Комнатки дома утех (по-солдатски «пуфф») выходили окнами в колодец. Еще в Саласпилсе нам дали платья, мятую обувь, дамские сумки убитых евреек. Их нижнее белье. Менялись меж собой, кому что по фигуре. В первый день в Риге всех нас оперировали, перевязали какие – то каналы, чтоб не беременели. На всю жизнь. Солдаты приходили праздничные, не очень пьяные и чисто отмытые. Они имели талоны на льготное посещение борделя, всего за три рейхмарки. Трое – четверо за ночь, но бывал и поток по семь и восемь, если свежая воинская часть. Этикет был – каждого спросить имя, откуда родом и сколько отслужил. Галантные клиенты были солдаты из Эльзаса, они ведь немного французы. О фронте и когда он кончится говорить не нужно и опасно. Донимали истерики, случавшиеся с девицами. Лесбиянок карали жутко, секли парами публично и возвращали в лагеря. Себя же я выдрессировала, чтоб без оргазма с солдатом. Пусть он корчится один. Моя плоть редко торжествовала. Потому успехом не пользовалась. Иначе что бы со мною сталось к тридцати годам? Да и противно до дрожи. Дом этот был почти как тюрьма. Старожилок переводили в комнаты получше, а в понедельник утром в город выпускали четырех – пятерых девиц. Были и блестящие карьеры – из солдатского бардака в офицерский. На это нужно призвание, дар особый, не обман.

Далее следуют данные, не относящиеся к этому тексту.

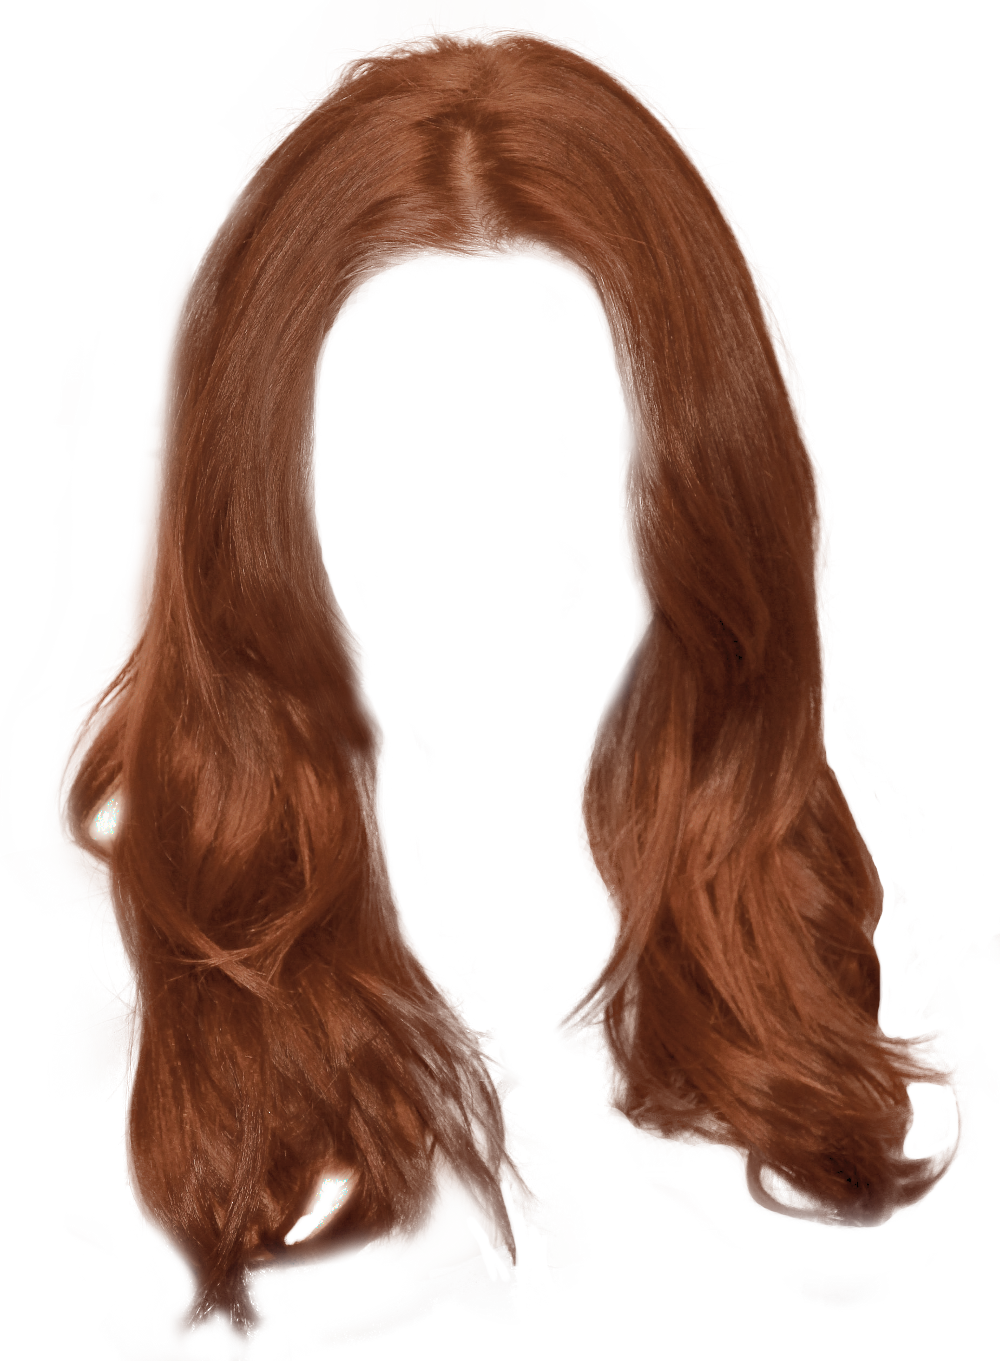 Women hair PNG image transparent image download, size: 1000x1361px

Скотства паршивого много было, одна радость – влюбился в меня фанрих (солдат – первогодок). Красивый мальчик был и смешливый, но не могла я с девственником лечь. Уехал он на фронт. Месяца через два вскрываю конверт в черной кайме: «сообщаем невесте … обрел вечный покой, пал за фюрера и Фатерланд». Без женщины ушел фанрих. Знать бы раньше.

– Пришло зыбкое чувство онемеченья, – продолжала Дора. – Наедине с собою, Двойрой, я часто думала по-немецки, и вместо безбрежных русских вымучено рождались квадратные немецкие мысли фроляйн Бенуа.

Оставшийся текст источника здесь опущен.